▶ **EXERCISE DESCRIPTION**: In the material below, find the line with "Assassin's Creed Valhalla" and the line with "Aqui Con Mi". Output exactly those two lines and all lines between them, leaving out pictures.
------ DATASET ENTRIES
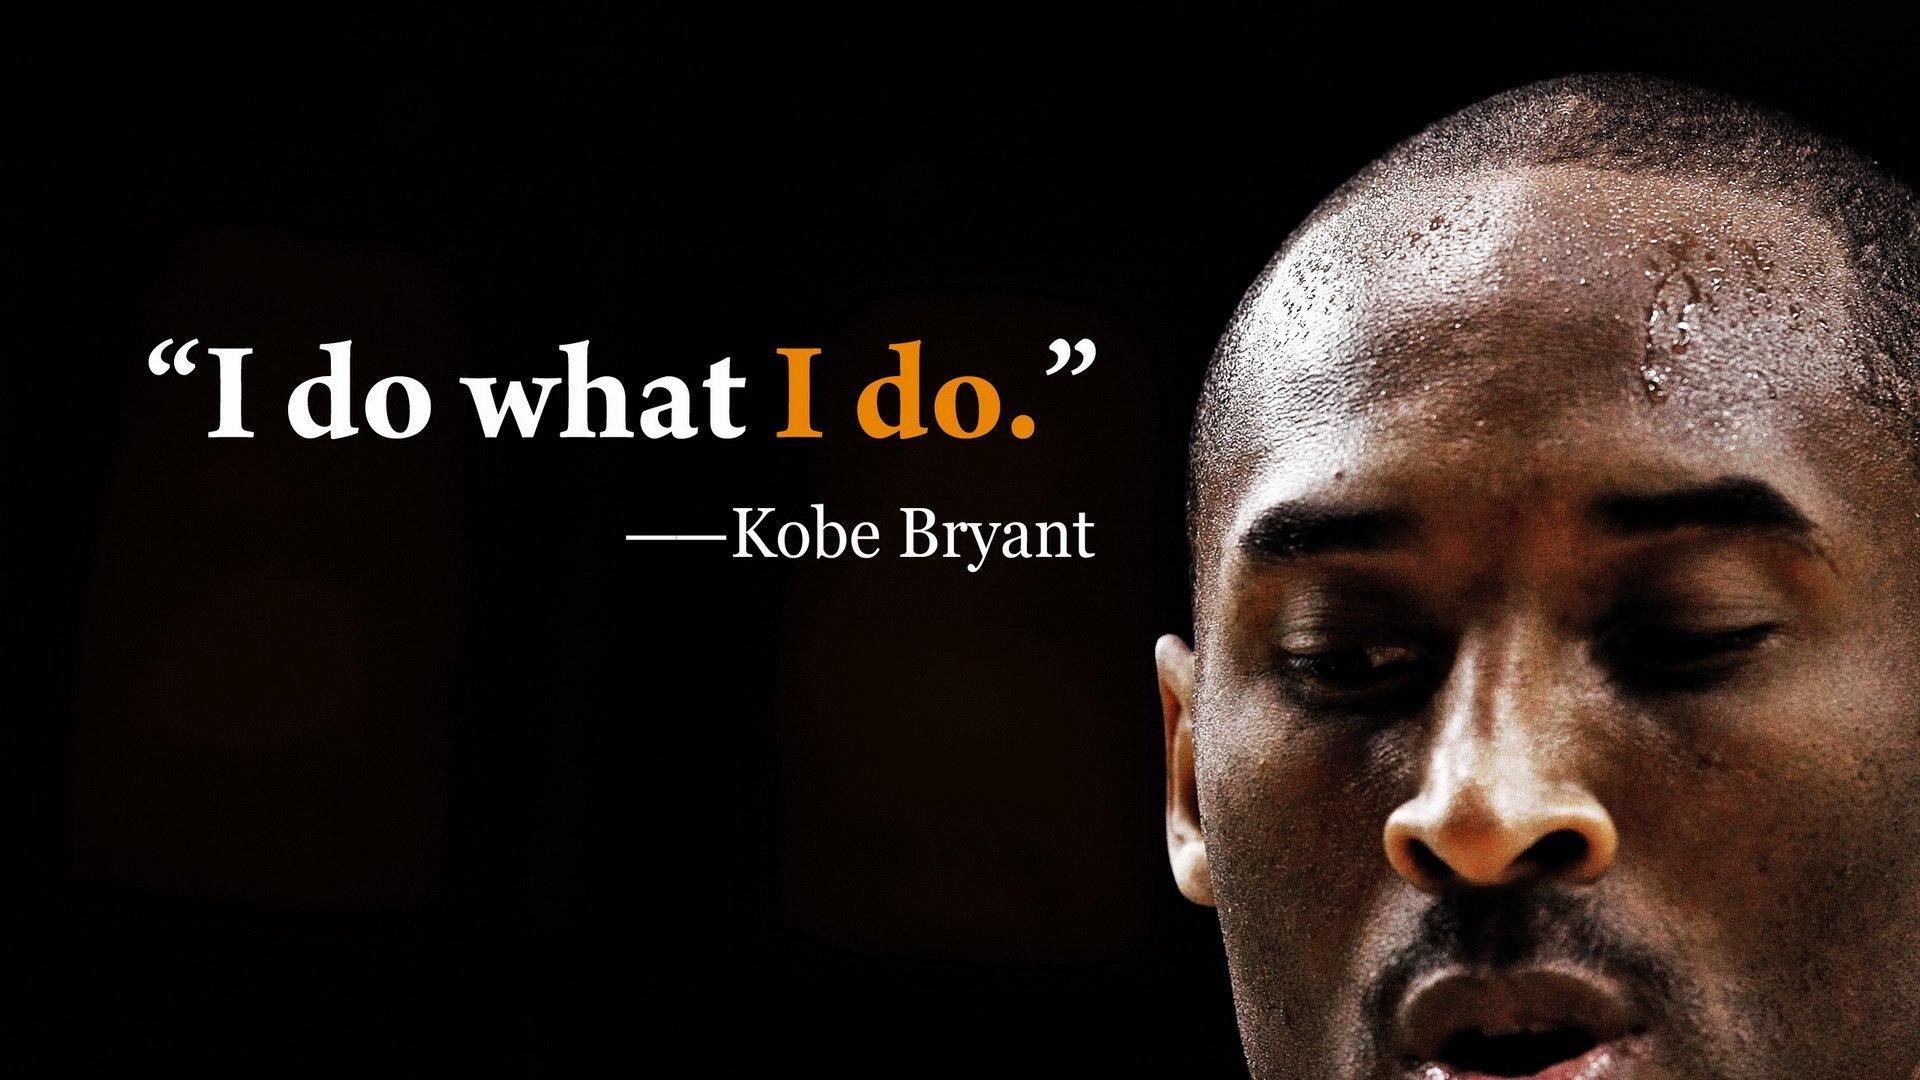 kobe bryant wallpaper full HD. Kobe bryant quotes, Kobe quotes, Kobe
------------
------ DATASET ENTRIES
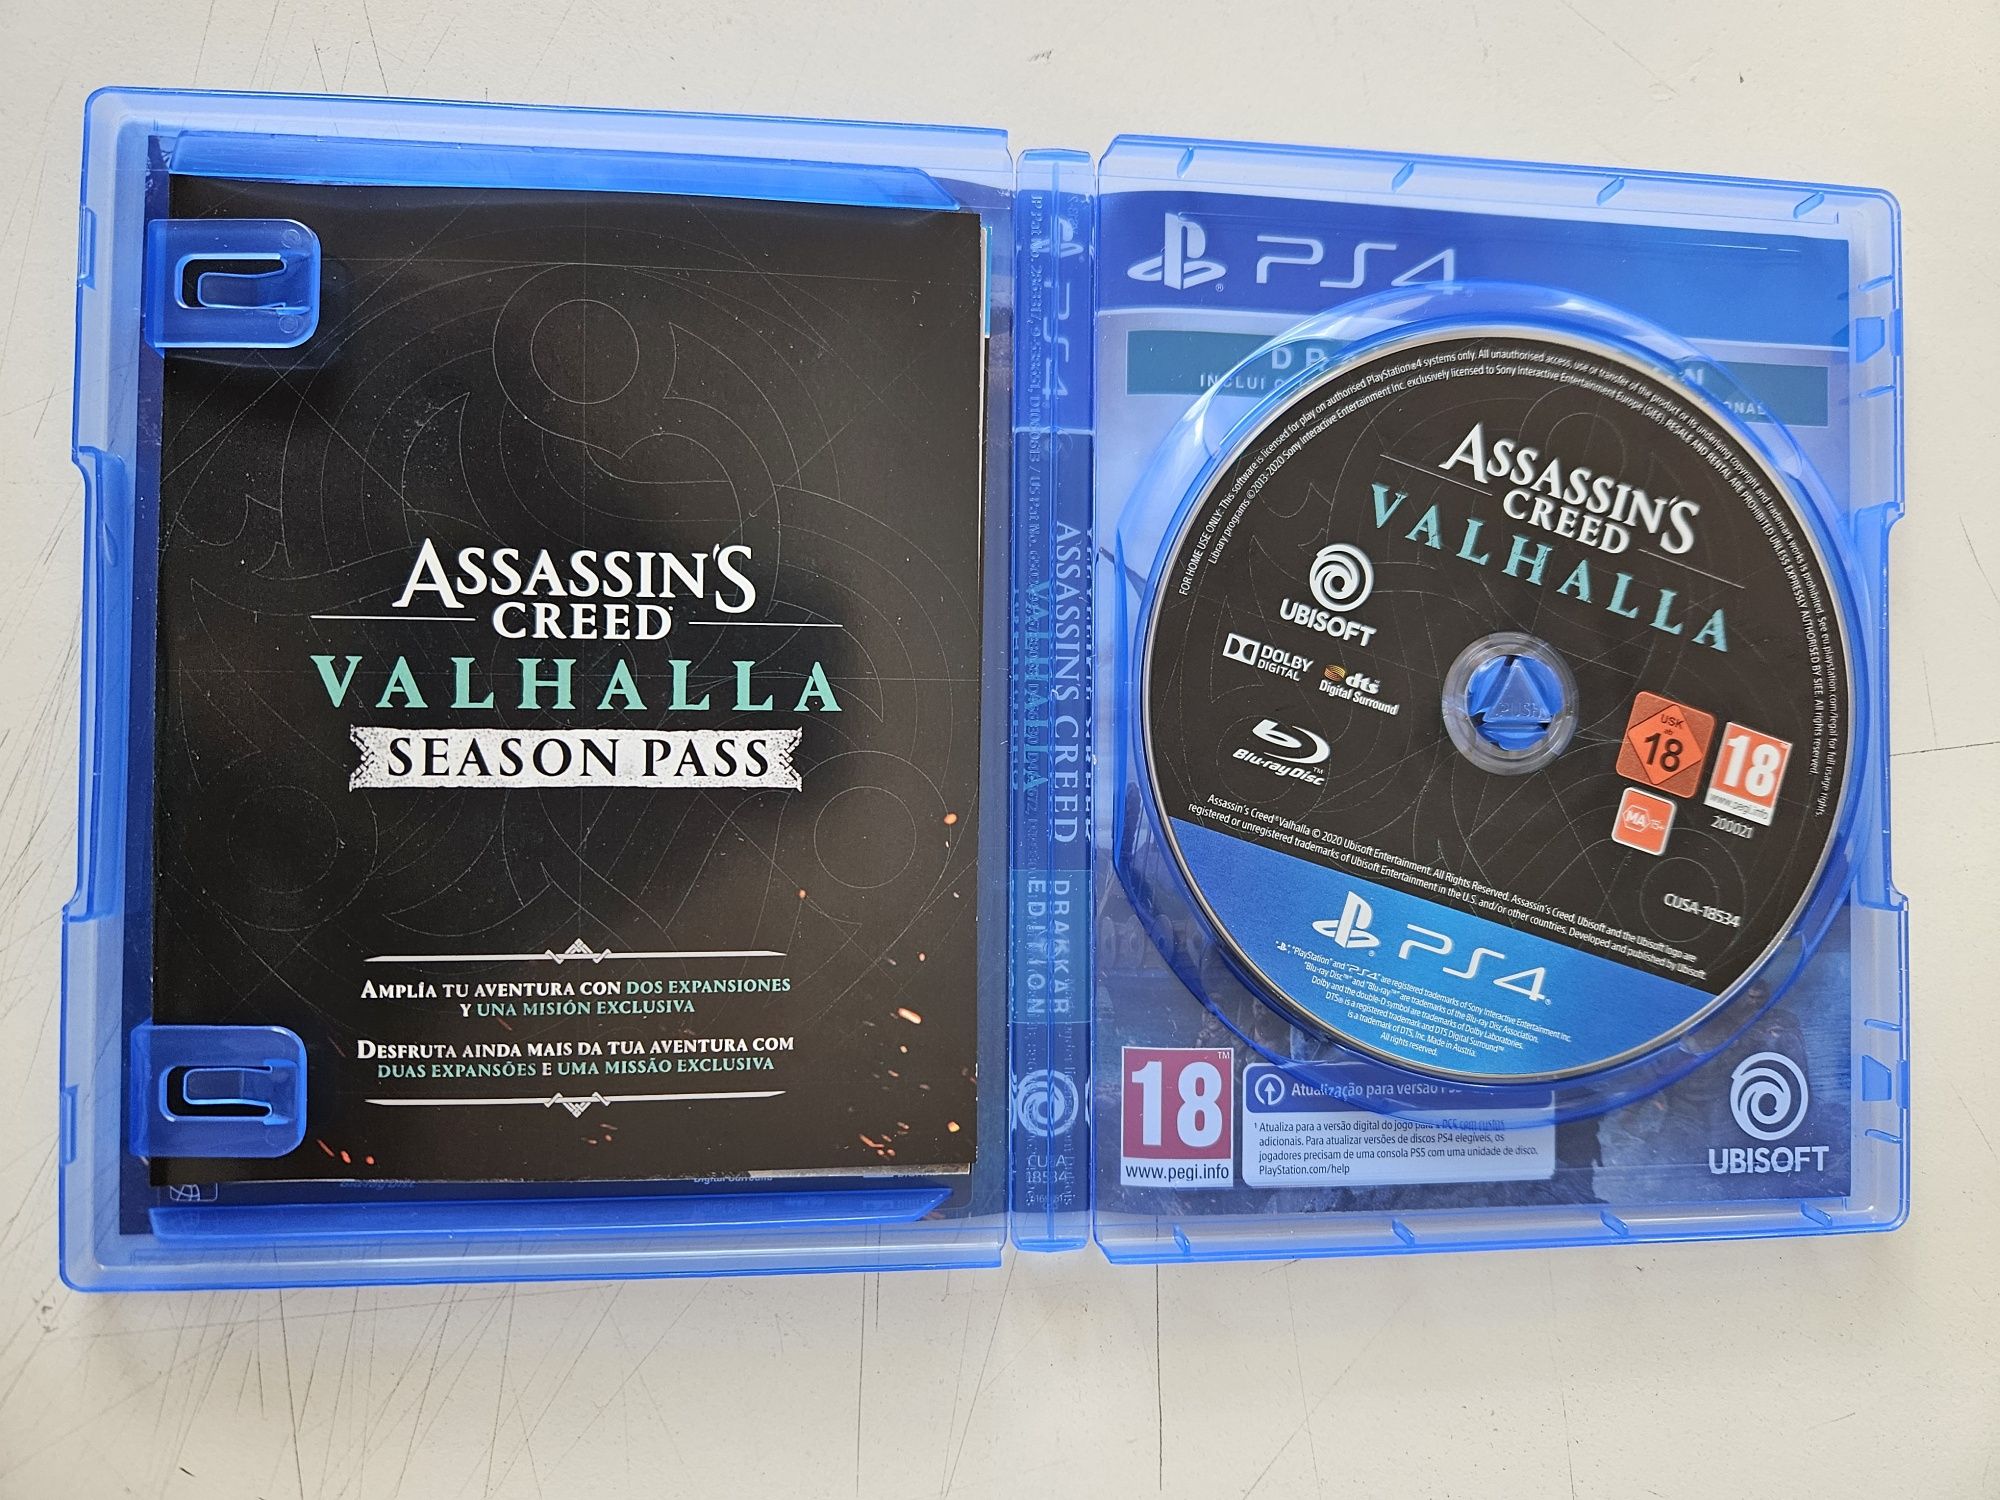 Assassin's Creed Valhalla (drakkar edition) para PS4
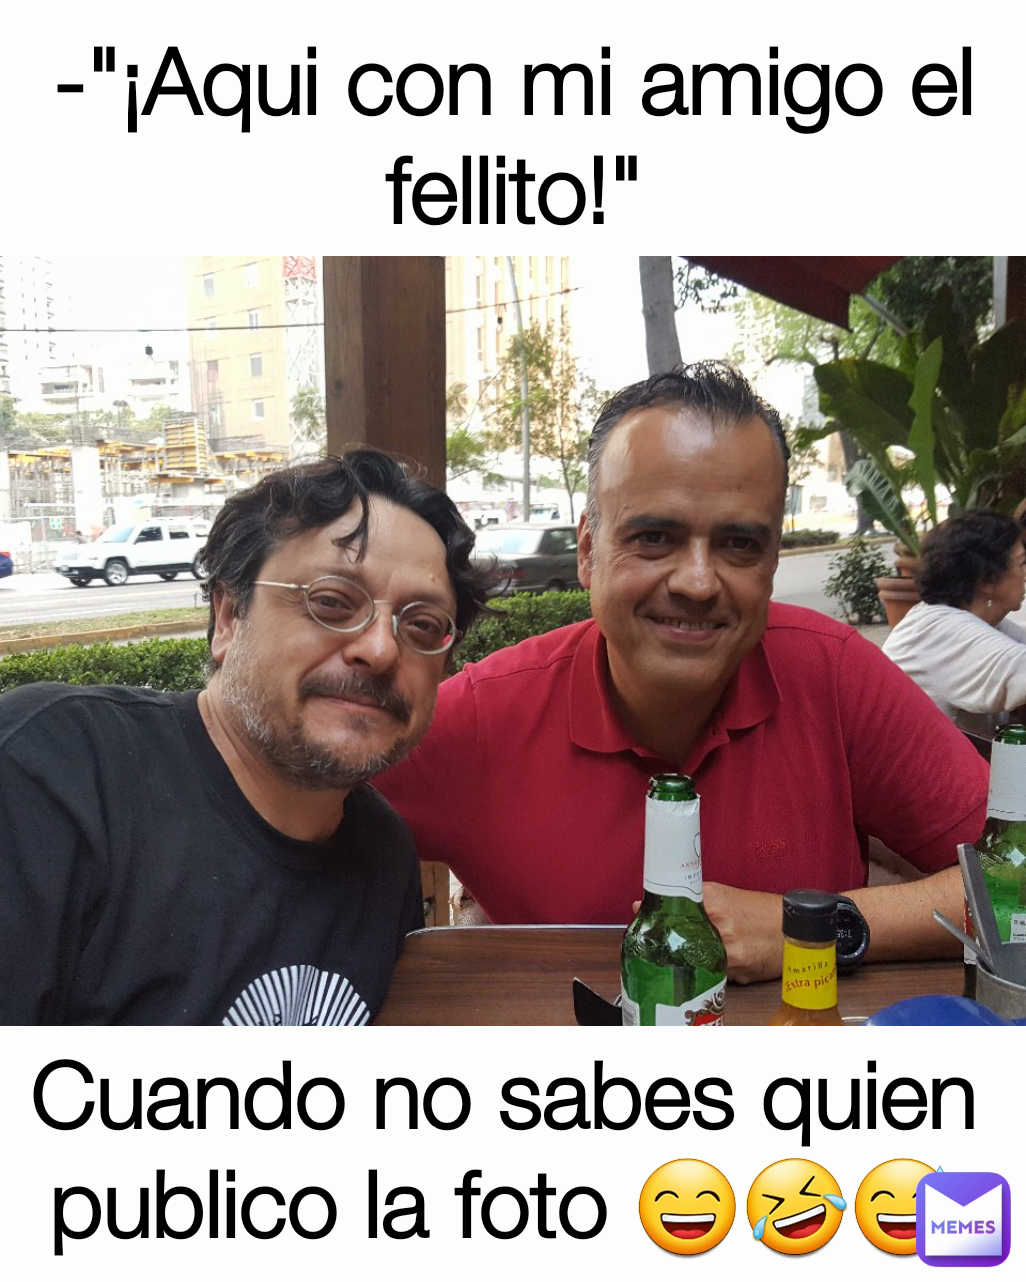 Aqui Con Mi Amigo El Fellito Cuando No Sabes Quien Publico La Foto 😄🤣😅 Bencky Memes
------------
▶ **RESPONSE TO THIS EXERCISE**:
 Assassin's Creed Valhalla (drakkar edition) para PS4
 Aqui Con Mi Amigo El Fellito Cuando No Sabes Quien Publico La Foto 😄🤣😅 Bencky Memes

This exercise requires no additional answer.